A menudo, se ausentaba con un rictus de indiferencia; y permanecía así, adormilada o dormida, dando a entender que, en ese momento, nada de cuanto la rodeaba despertaba en ella el más mínimo interés. Otras veces, de repente, sus enormes ojos se abrían, como si hubiesen descubierto el infinito, mientras tratábamos en vano de acercar su atención hacia nosotros. En ocasiones, una risotada suya nos contagiaba de absurda esperanza y nos mirábamos embobados. Por momentos, su rostro traslucía un gesto de dolor, de desagrado, de incomodidad; un gesto cuyo significado éramos incapaces de descifrar. Pero nos hacía sospechar que tras esa plácida ausencia, se ocultaba un impulso eléctrico de consciencia y padecimiento. Ella, que caminó por la vida en una sola dirección, sin formularse preguntas sobre su destino, con la sensatez de quien había decidido no plantearse jamás problemas irresolubles, se debatía, en silencio, entre esto y el más allá.
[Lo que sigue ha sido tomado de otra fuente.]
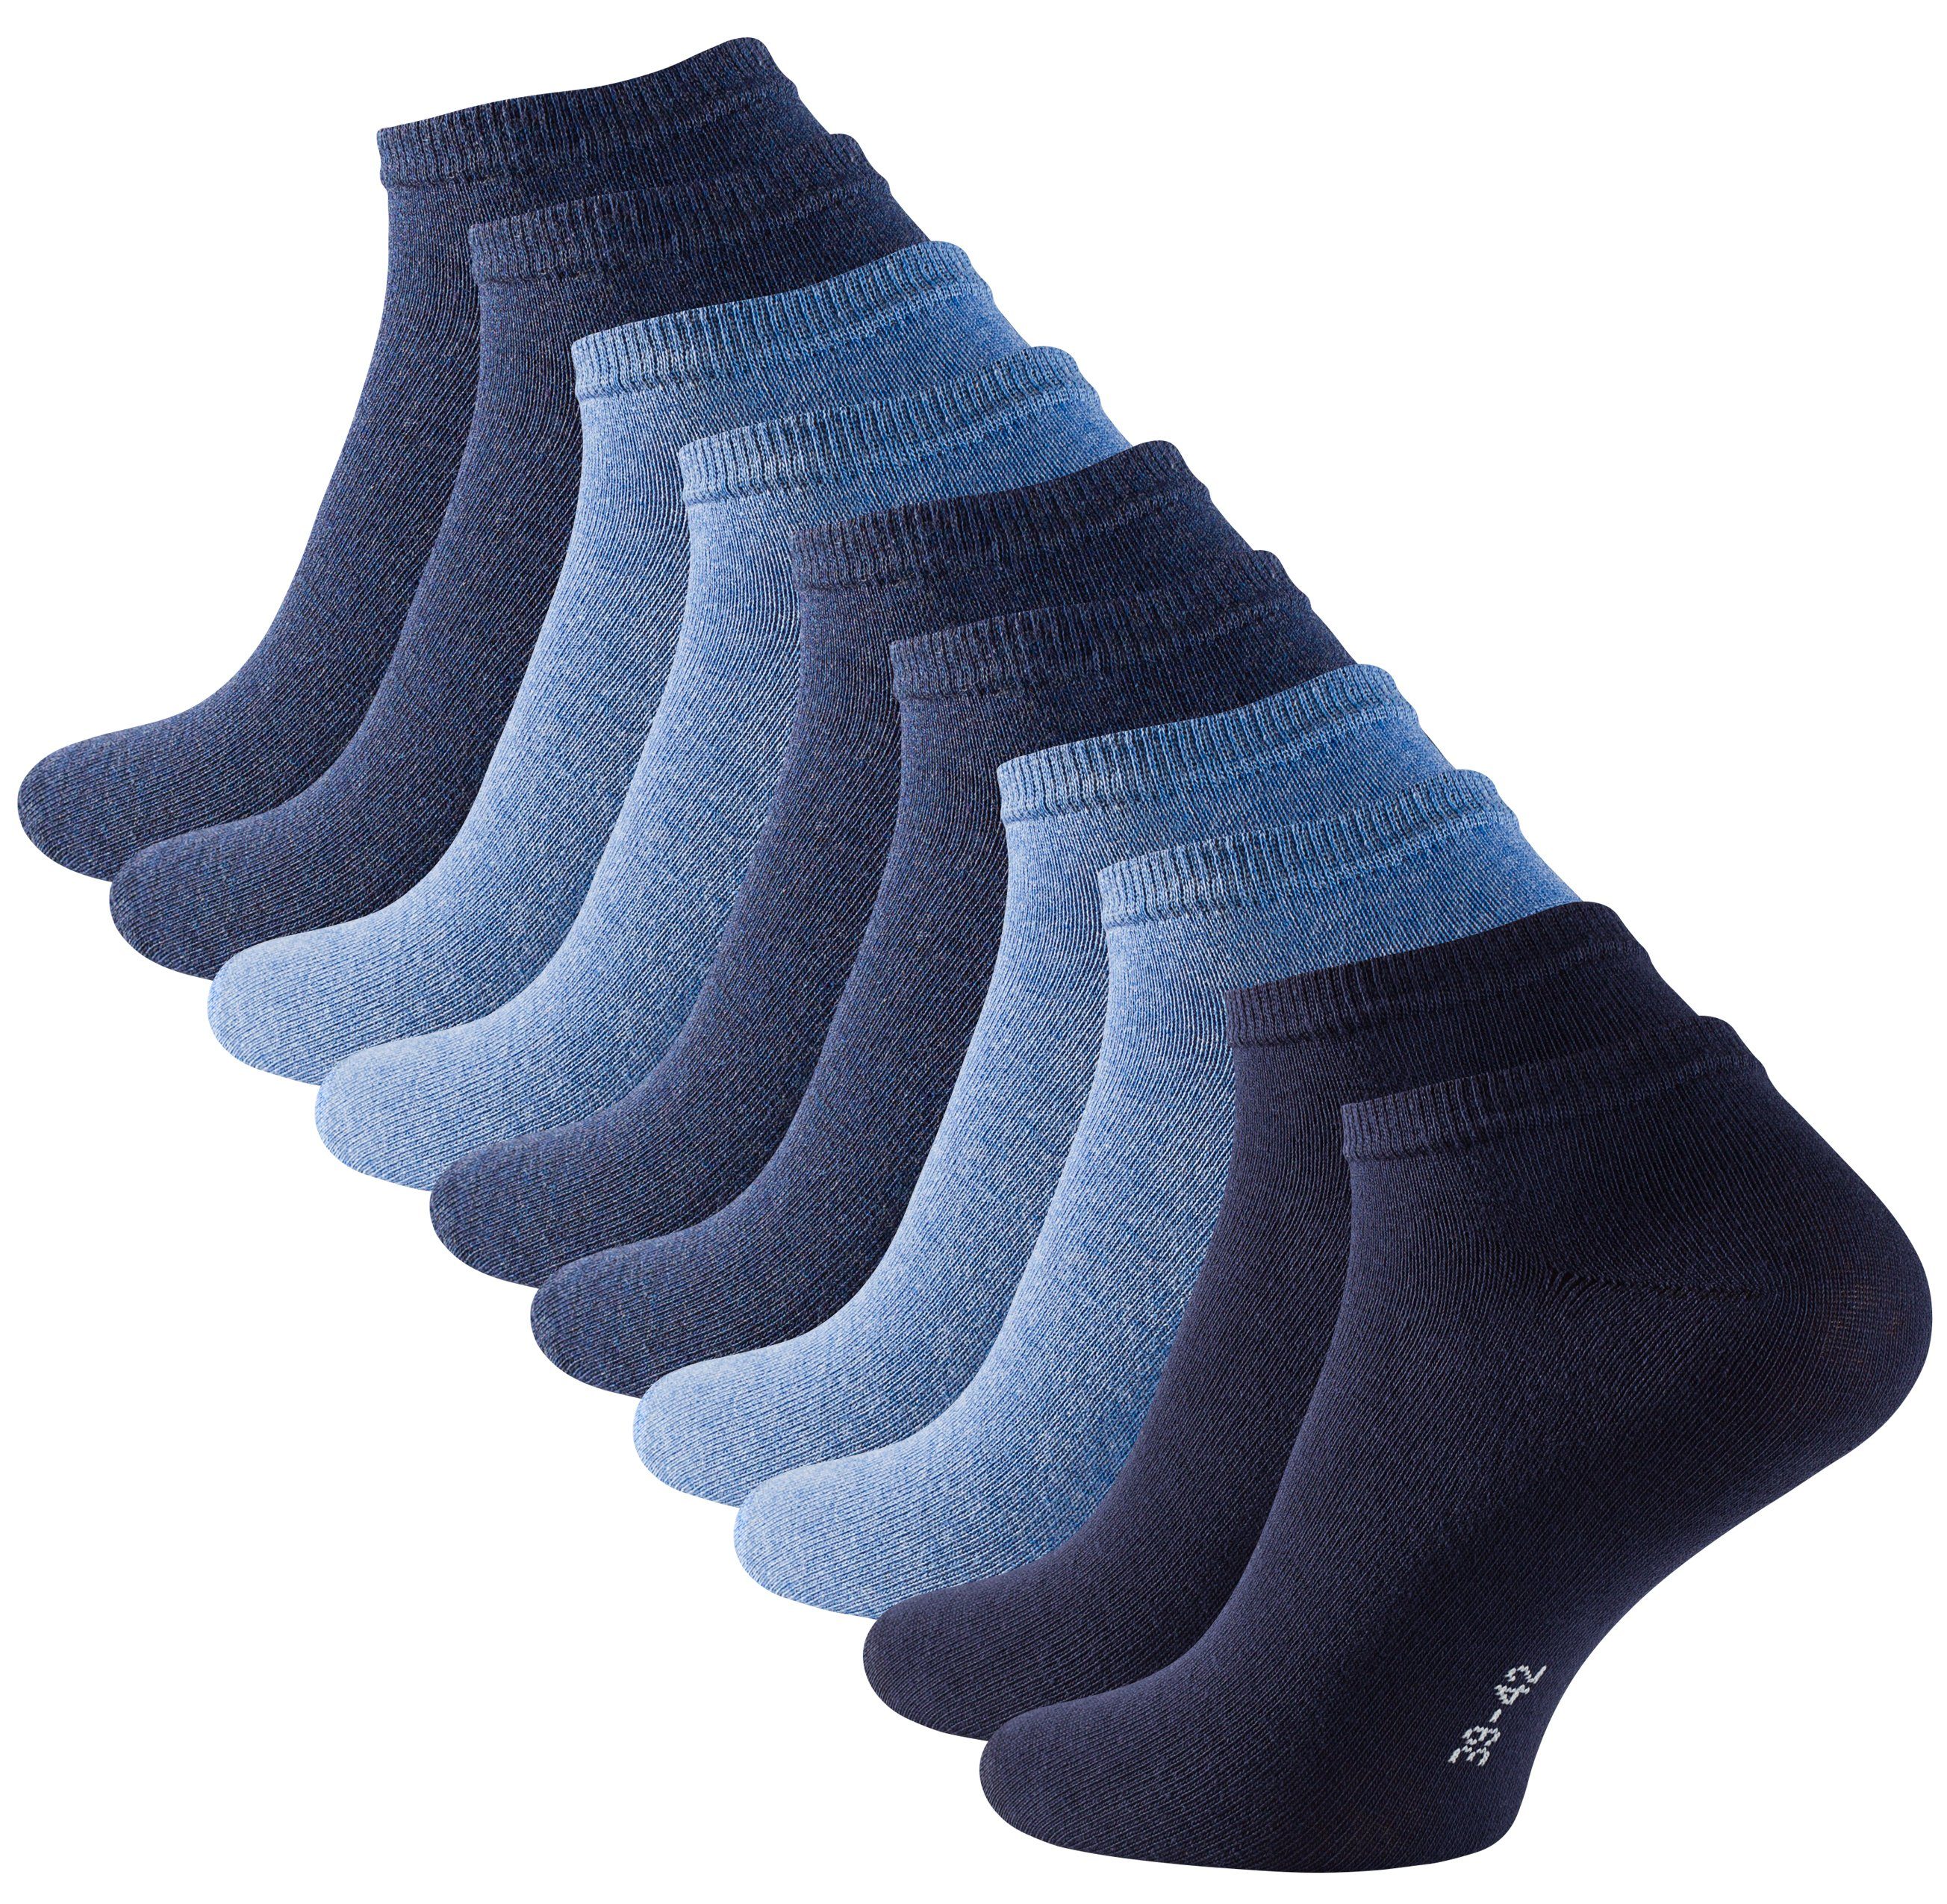 Stark Soul® Sneakersocken 10 Paar (10-Paar) in angenehmer Baumwollqualität Blautöne-Mix

Un día de julio, sus labios dejaron de besar las mejillas que le ofrecimos al despedirnos en el comedor de la residencia. Y poco después, en la madrugada de San Ignacio, decidió ausentarse para siempre tal como vivió, discretamente, huyendo así de un mal con el que nos acompañará durante décadas. Como si fuera una decisión libre, un último acto de consciencia. Como si intentara despertar en nosotros la duda sobre la pertinencia de esa utopía, que obsesiona al ser humano, en la tarea de prolongar su esperanza de vida. Como si tratara de rubricar su existencia finita, prescindiendo de realizar balance alguno del camino recorrido. Los años de escuela, que perdió para cuidar a sus cinco hermanos. Las canciones de la fábrica, en la que comenzó a descabezar anchoa a los seis años. Los juegos, interrumpidos por las obligaciones de la necesidad. Y aquellos juguetes que nunca tuvo. Quizá, por todo ello, se aproximó más a la felicidad, de lo que podremos hacerlo cualquiera de sus descendientes.
El uno de agosto, regresó a la tierra que la vio crecer, a ese otro regazo de la Virgen de la Antigua, dejando en esta tierra un ser sumido en la horfandad del hombre solo, que todos los días, a duras penas, se esfuerza en pasear su dignidad de viejo pescador. Los rasgos de sosiego, que legó a aquella hija, bautizada in extremis con el nombre de Maite, a aquella vida, que se le escapó de las manos y echó siempre en falta, viven hoy en los gestos, en el rostro y en las manos de sus nietas.
Kepa Aulestia
Publicado en EL CORREO, el 20 septiembre 2003, con motivo de la celebración del Día Mundial del Alzheimer.
Rosana dice
Me emocionó hasta las lágrimas! Qué excelente escrito, además…
Almudena del Avellanal dice
Efectivamente Rosana es emotiva y más si estas en esta situación, gracias por seguirnos y no dudes en consultar el variado material y documentación que compartimos, un saludo.
Rosa dice
Una carta llena emoción y de ternura… Un saludo.
Almudena del Avellanal dice
Rosa las cosas cuando se han vivido con amor, salen al escribirlas del corazón y el resultado es la ternura y emoción….. Un saludo.